Recently, the Ministry has seen the need to create a new Directorate of Distance Education within the Ministry. Mr John Kaltau, the Director of Tertiary Education charged with creating the new structure, said he would appreciate COL’s guidance in this process. In addition, he noted that for the growing numbers of youths not in employment nor in education or training (NEETs), a more vocationally-oriented curriculum would be most appropriate. However, the Vanuatu Institute of Technology, which offers such courses, is already at capacity for full-time placements. Although new campuses will be added in due course to increase capacity, there is a need to develop more flexible multi-modal pathways for provision, including distance, blended and online learning.

While in country, I developed a concept note that included short-term activities to address immediate challenges.
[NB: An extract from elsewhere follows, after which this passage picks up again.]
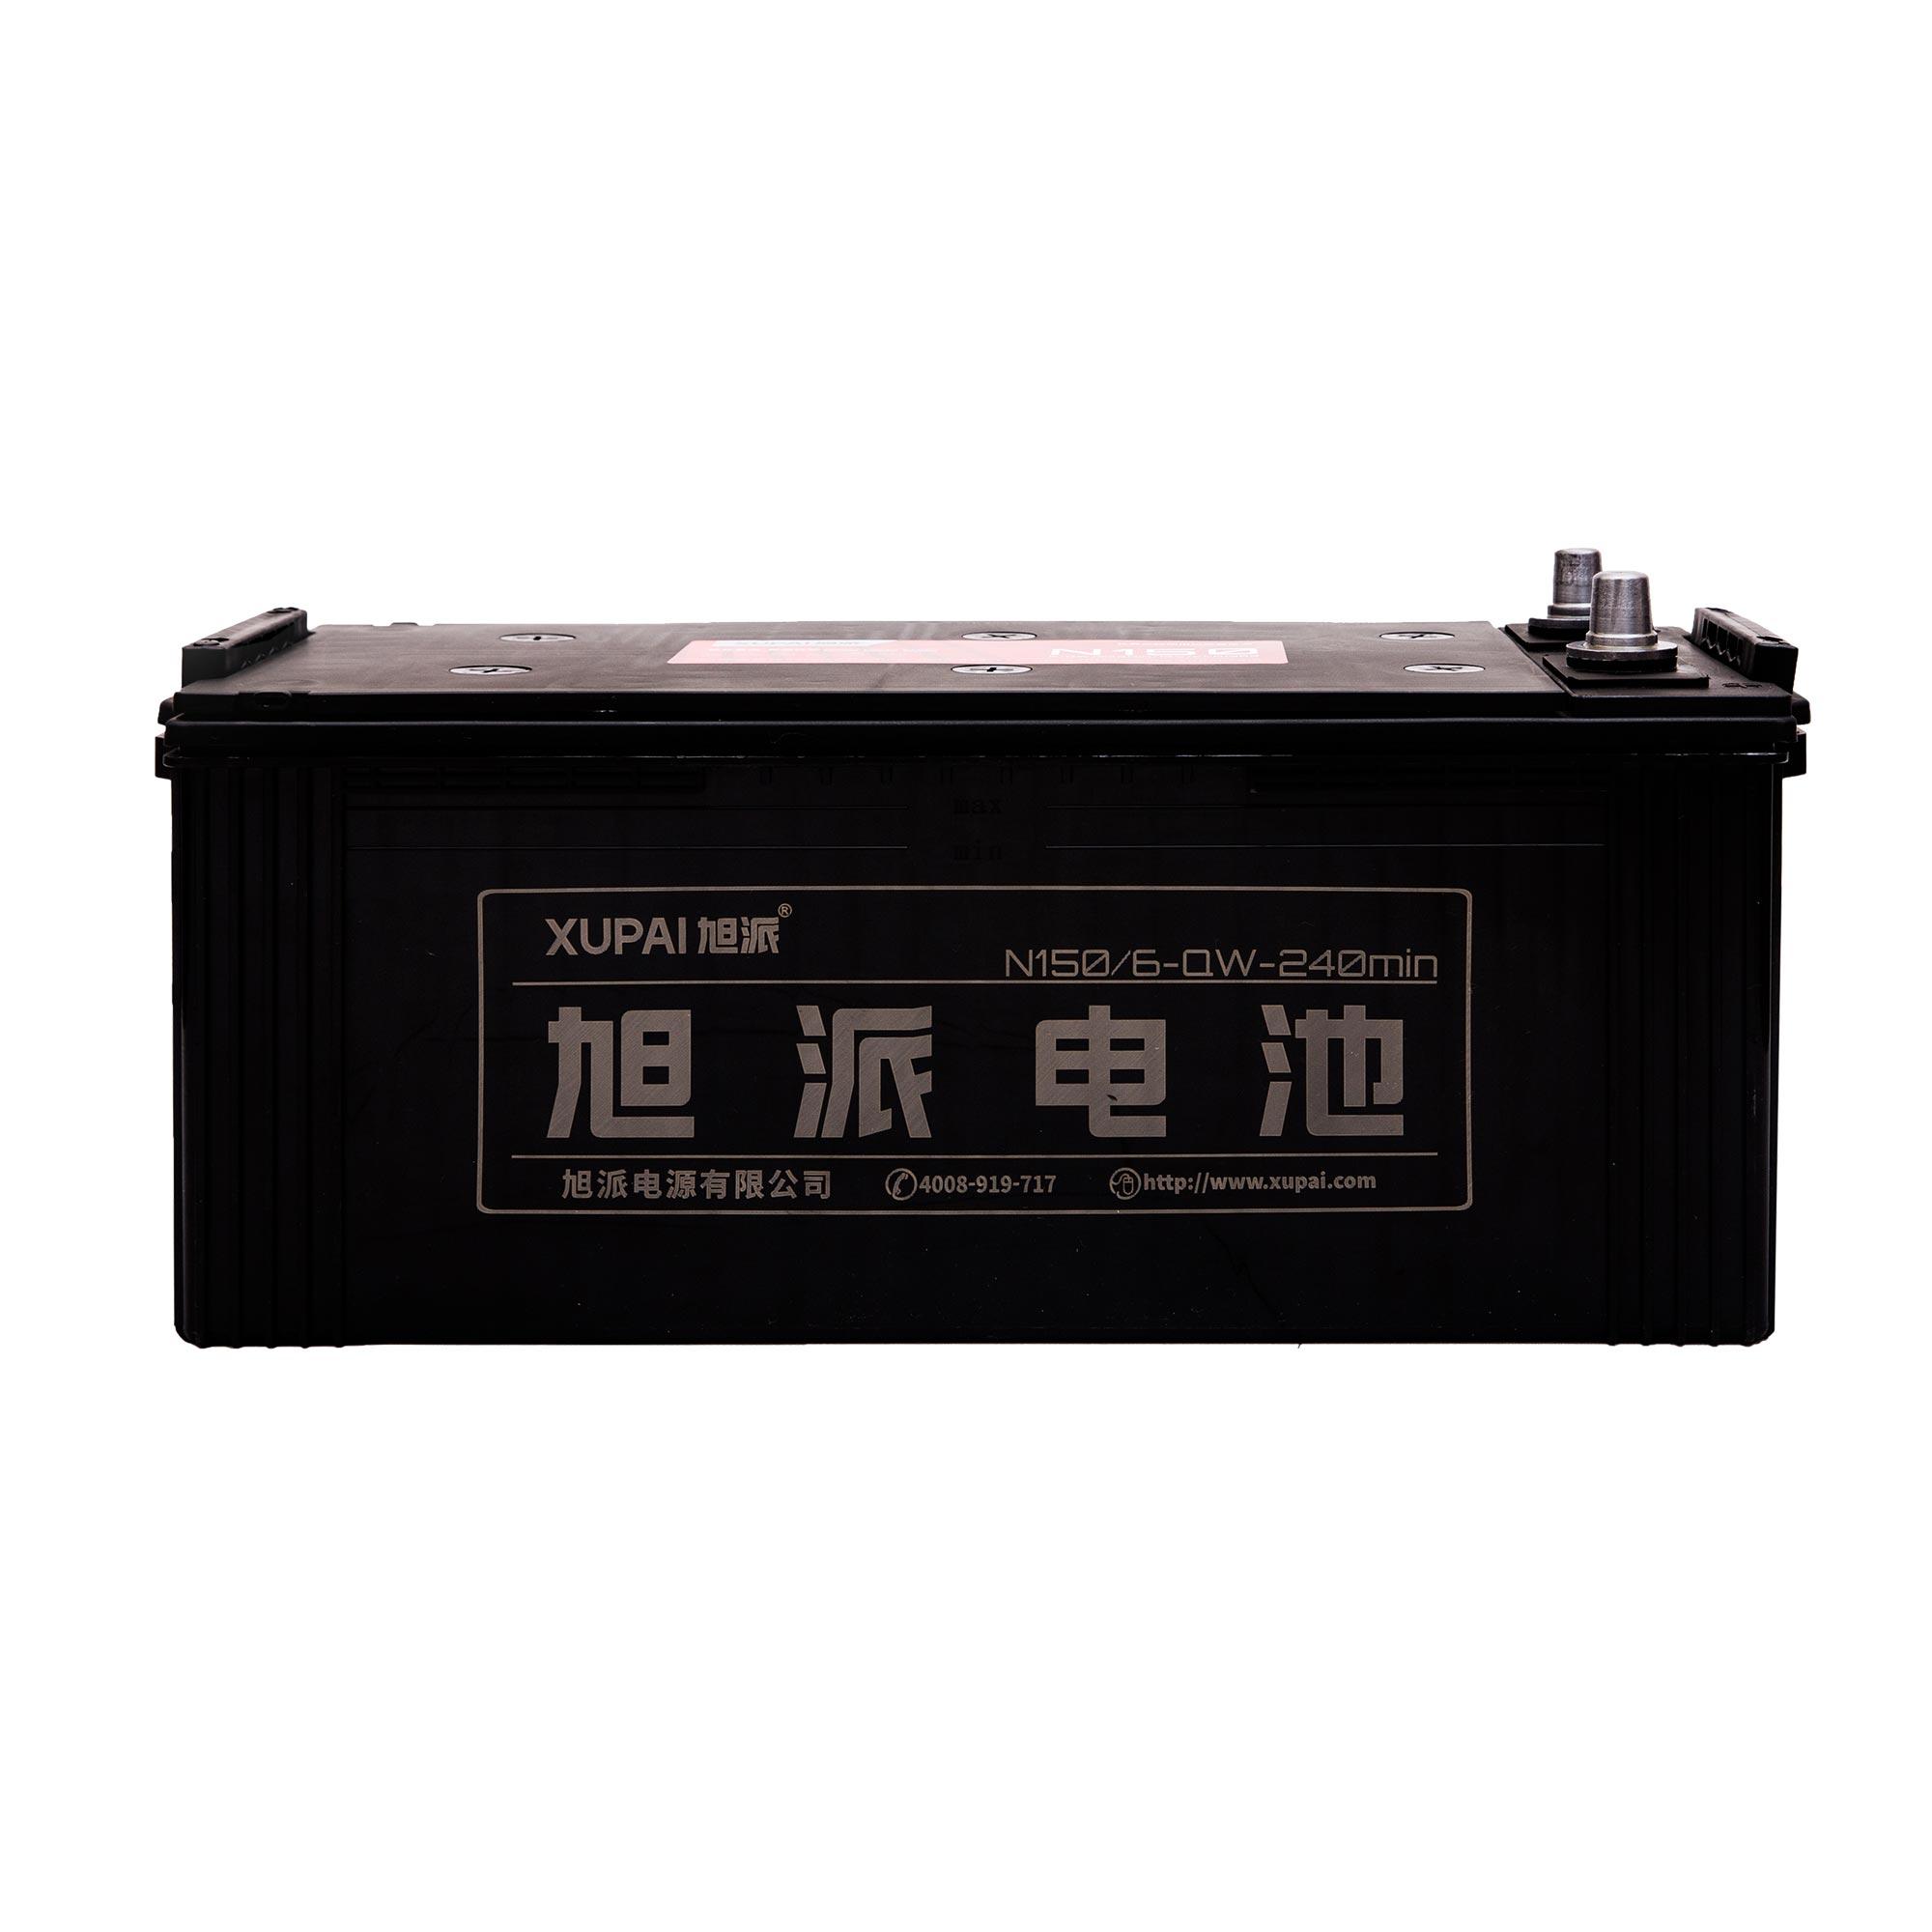 旭派6-QW-240MIN/N150长寿命汽车起动电池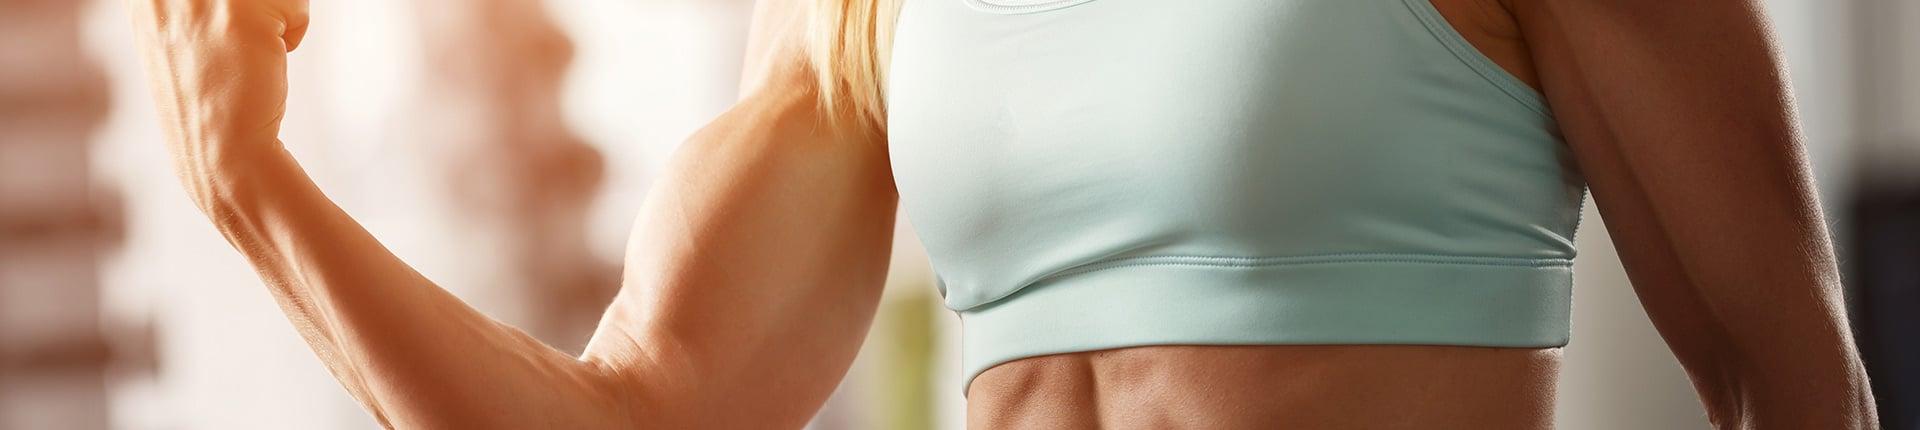 Fakty i mity dotyczące zdrowej diety

I also mooted the notion in the longer term of creating a virtual open college as a semi-autonomous structure to offer both fully online courses as well as supporting blended learning through a hubs and spokes model in partnership with mainstream schools and colleges already internet-connected.

Discussions are continuing with Vanuatu, but COL’s open schooling initiative, recognising that climate change and other factors already impact negatively on the education of at least 40 million children per year, is pushing ahead with the voluntary support of several teachers in our partner organisations along with the development of a short course for secondary school learners to empower them both to cope with the climate change crisis and actively to seek to mitigate it. The new course content should become available by the end of June 2023 and is part of a broader strategy by COL to heed its own advice on transforming education for climate action.